Receipts Scanner¶
URL: https://receipts.heezy.info
Internal: http://192.168.1.15:30850
k8s: heezy namespace, deployment receipts
Source: heezy-containers/dockerfiles/receipts/
How It Works¶
- Upload photo of receipt via web UI
- EXIF rotation correction applied immediately
- AWS Textract runs OCR in background (~30–45s)
- Extracted: merchant, total, date, line items
- Ollama (llama3.2:3b) categorizes each line item
- Results appear in UI, editable
Database¶
Writes to receipts + receipt_items tables in heezy Postgres.
Key columns on receipts:
- merchant — raw extracted merchant name
- merchant_normalized — lowercased + alias-mapped
- date — raw OCR date string (legacy, mixed formats)

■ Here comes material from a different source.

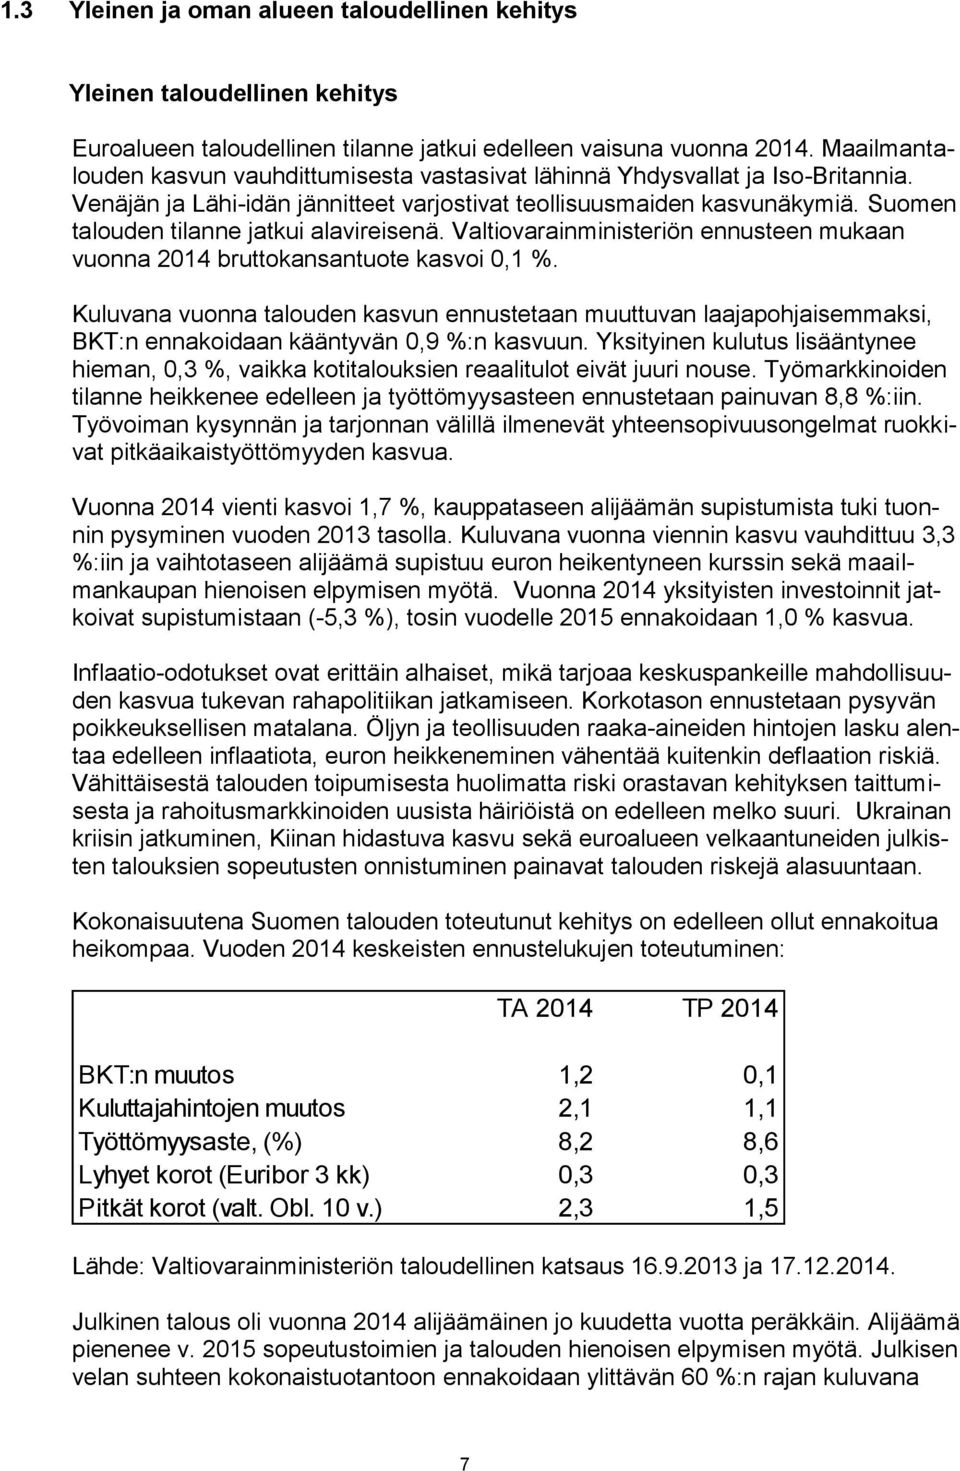 Suomen talouden tilanne jatkui alavireisenä. Valtiovarainministeriön ennusteen mukaan vuonna 2014 bruttokansantuote kasvoi 0,1 %.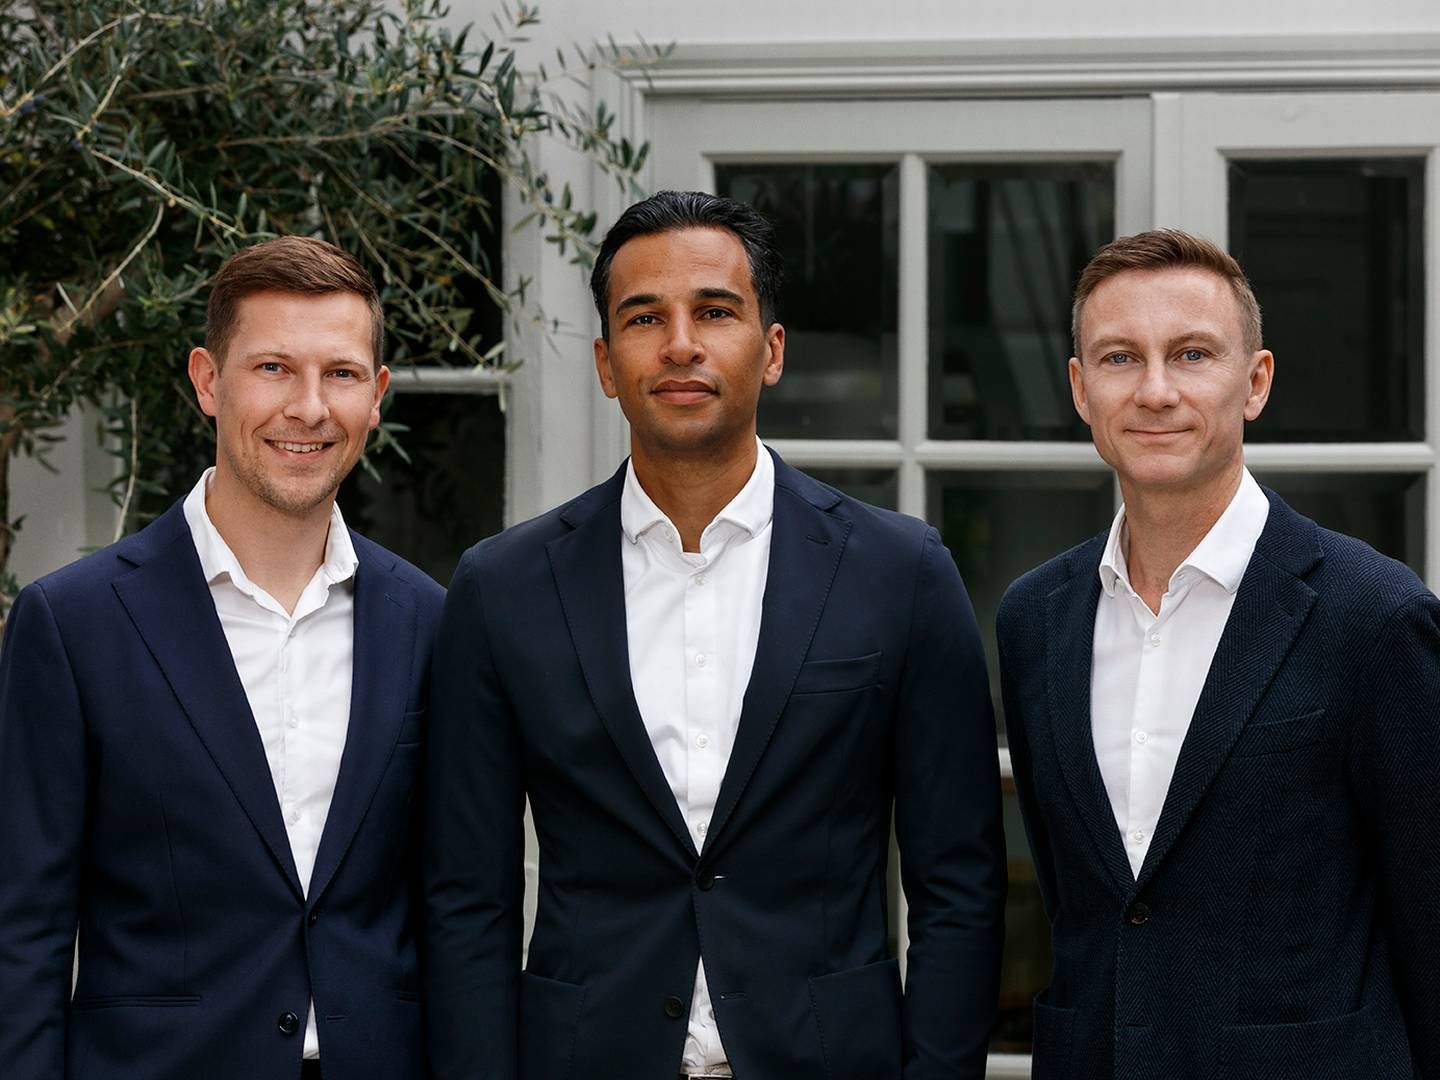 Fra venstre: Andreas Bagunck, ny udviklingsdirektør hos Innovater, Mahad Farah, ny direktør for Innovater Melius og Peter Søgaard, kommende adm. direktør hos Innovater. | Photo: PR / Innovater

- date_ts — parsed timestamptz (canonical, used by dashboard)
- category — overall receipt category
- payment_type — cash / credit / debit / check / other (set manually via edit form)
OCR Pipeline¶
- Primary: AWS Textract (handles rotation natively, structured output)
- Fallback: Tesseract (if no AWS creds)
- Textract IAM user:
receipts-textractin terraform-heezy - Creds via ExternalSecret → OpenBao
production/heezy/receipts/aws-credentials
Storage¶
- Images: NFS PVC (
192.168.1.200:/mnt/Arr1/SMB/receipts/) - DB: Postgres on big-boi
Reprocessing¶
Forces OCR re-run on a stuck or failed receipt.